From 3935baa9bcda3ccaee4f7849f5157d316e34412e Mon Sep 17 00:00:00 2001
From: David Gibson <david@gibson.dropbear.id.au>
Date: Wed, 22 Mar 2006 00:08:53 -0800
Subject: [PATCH] hugepage: serialize hugepage allocation and instantiation

Currently, no lock or mutex is held between allocating a hugepage and
inserting it into the pagetables / page cache.  When we do go to insert the
page into pagetables or page cache, we recheck and may free the newly
allocated hugepage.  However, since the number of hugepages in the system
is strictly limited, and it's usualy to want to use all of them, this can
still lead to spurious allocation failures.

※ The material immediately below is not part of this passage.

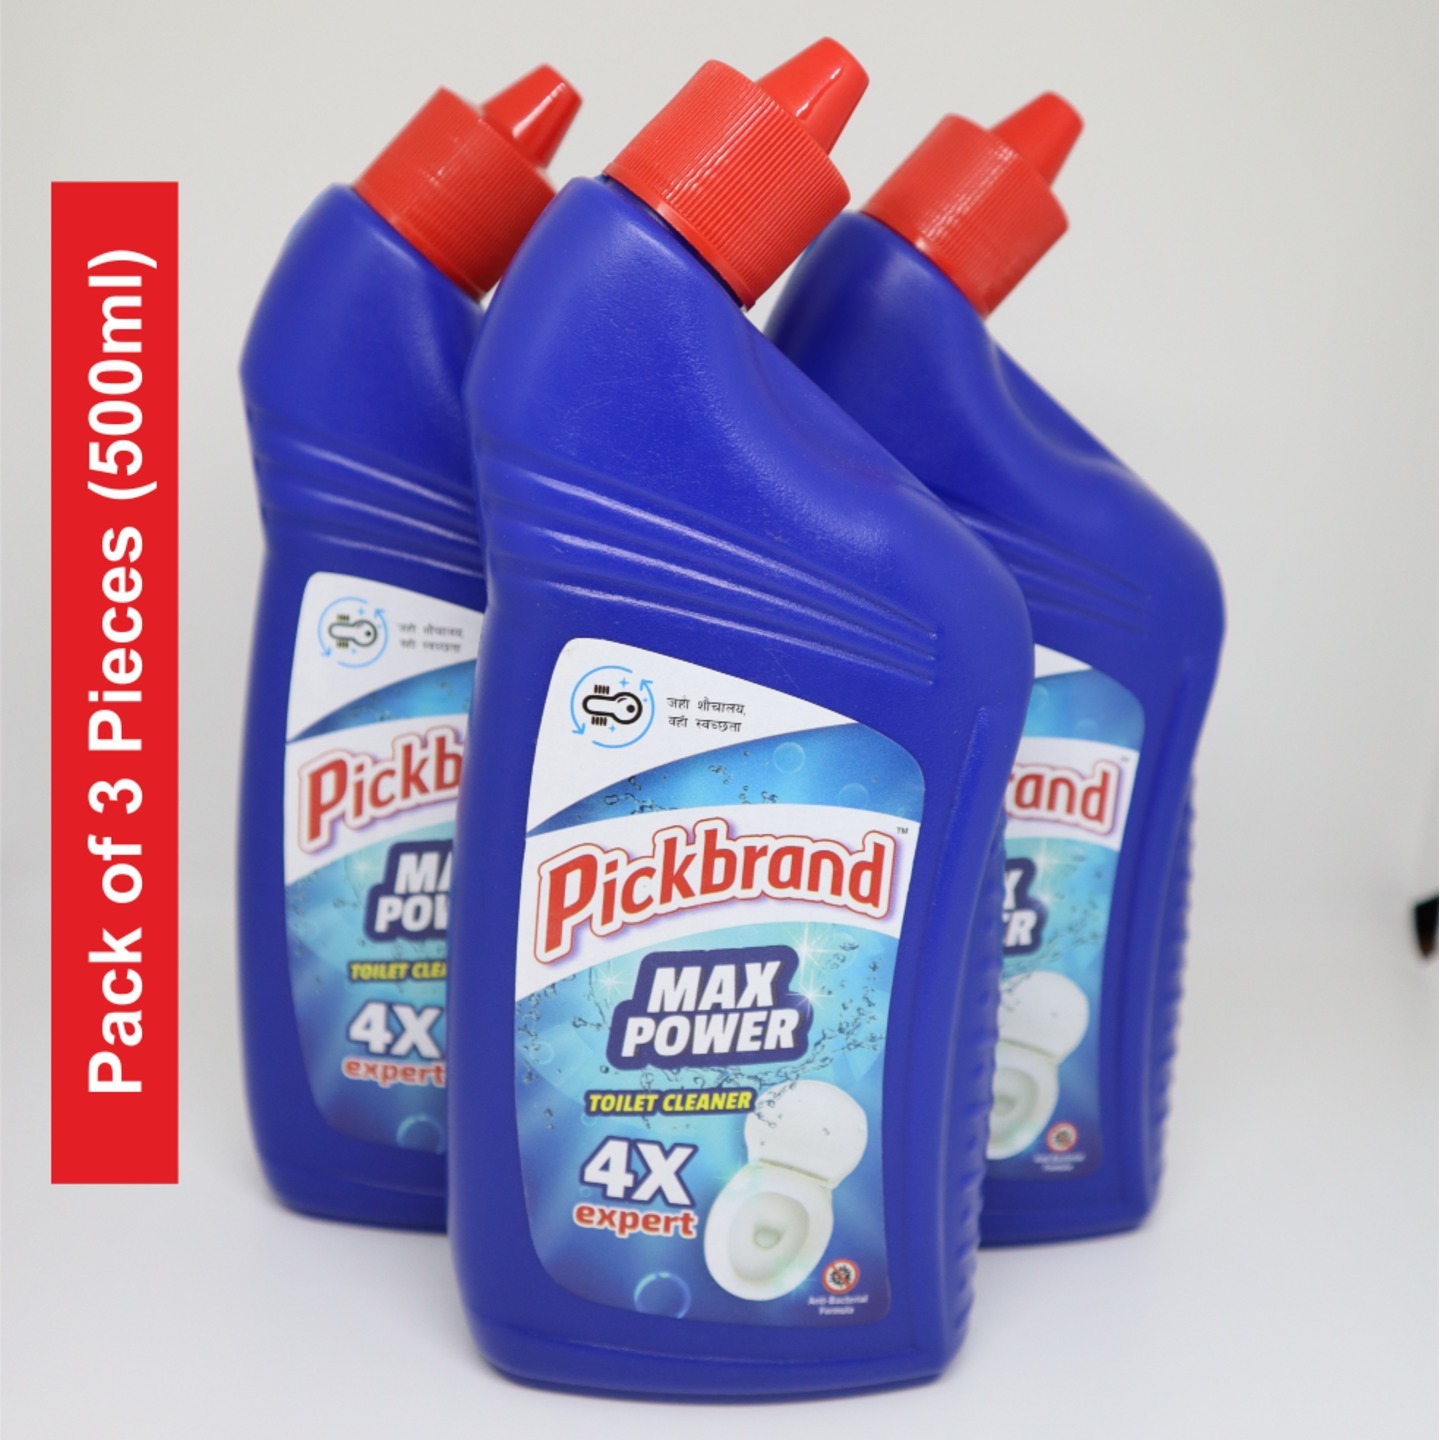 Pickbrand Max Power Toilet Cleaner- Pack of 500ml BUY 2 GET 1 FREE

For example, suppose two processes are both mapping (MAP_SHARED) the same
hugepage file, large enough to consume the entire available hugepage pool.
If they race instantiating the last page in the mapping, they will both
attempt to allocate the last available hugepage.  One will fail, of course,
returning OOM from the fault and thus causing the process to be killed,
despite the fact that the entire mapping can, in fact, be instantiated.

The patch fixes this race by the simple method of adding a (sleeping) mutex
to serialize the hugepage fault path between allocation and insertion into
pagetables and/or page cache.  It would be possible to avoid the
serialization by catching the allocation failures, waiting on some
condition, then rechecking to see if someone else has instantiated the page
for us.  Given the likely frequency of hugepage instantiations, it seems
very doubtful it's worth the extra complexity.

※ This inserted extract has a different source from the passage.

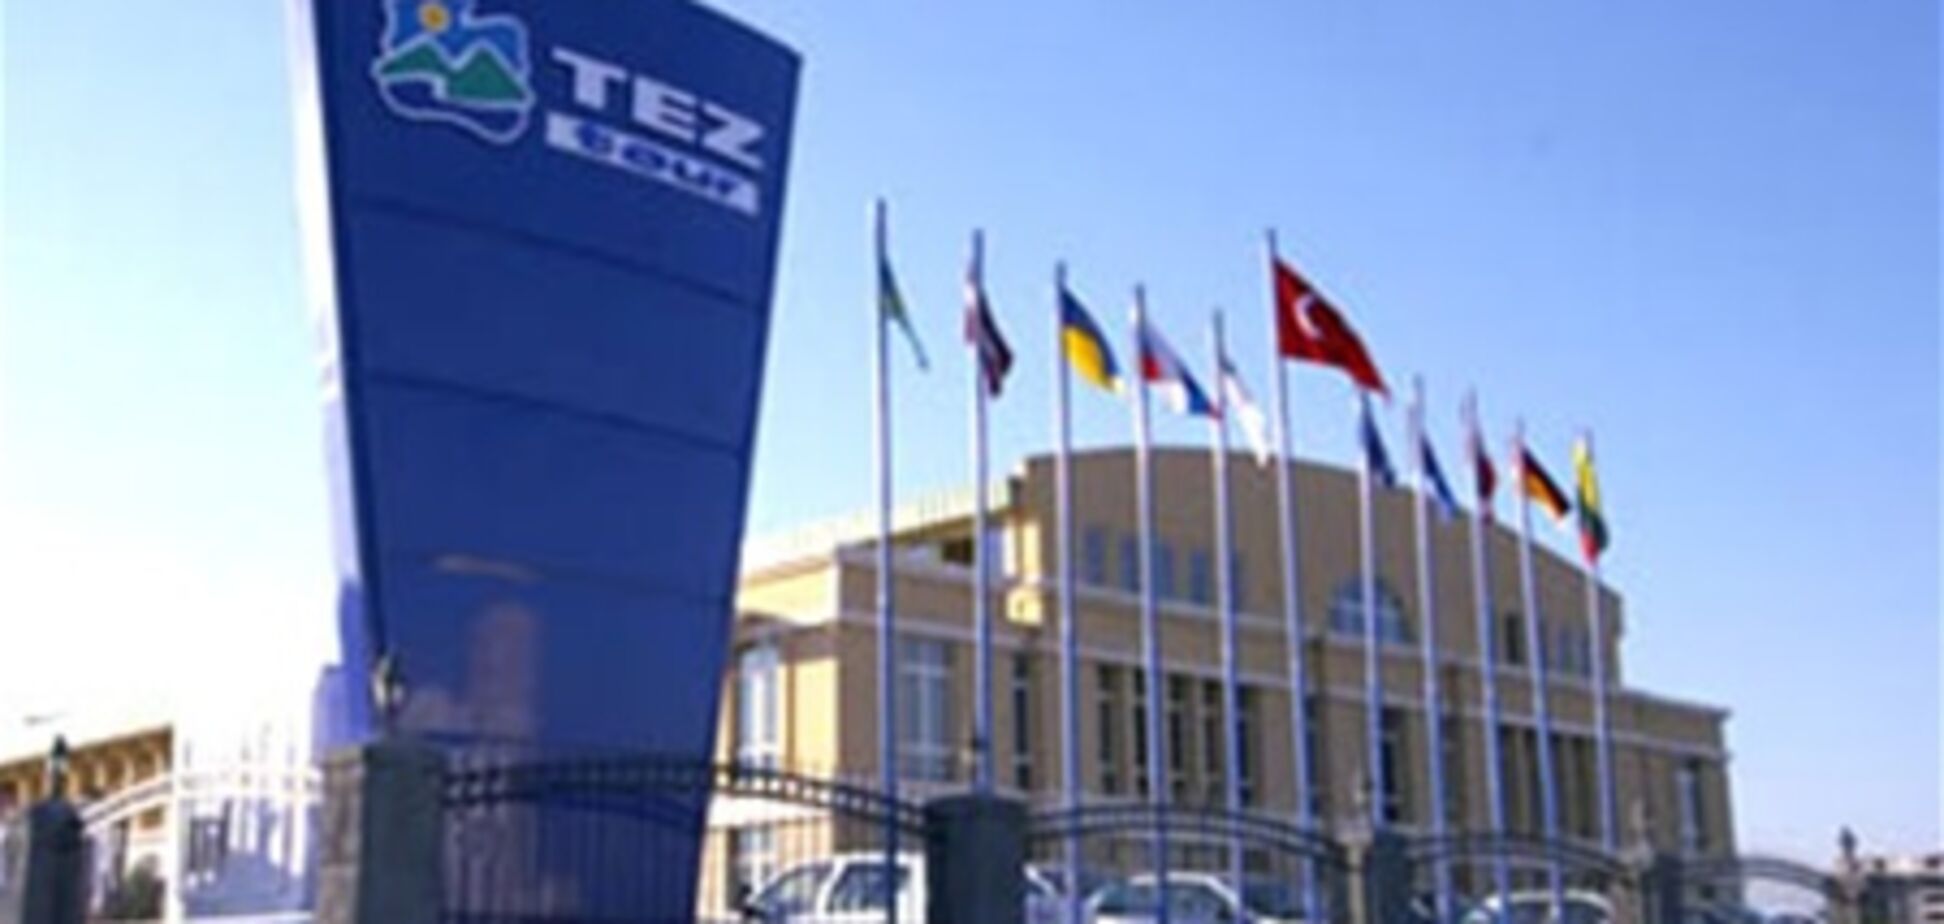 Tez Tour возьмет кредит на 150 млн долларов на строительство гостиниц

This patch causes no regression on the libhugetlbfs testsuite, and one
test, which can trigger this race now passes where it previously failed.

Actually, the test still sometimes fails, though less often and only as a
shmat() failure, rather processes getting OOM killed by the VM.  The dodgy
heuristic tests in fs/hugetlbfs/inode.c for whether there's enough hugepage
space aren't protected by the new mutex, and would be ugly to do so, so
there's still a race there.  Another patch to replace those tests with
something saner for this reason as well as others coming...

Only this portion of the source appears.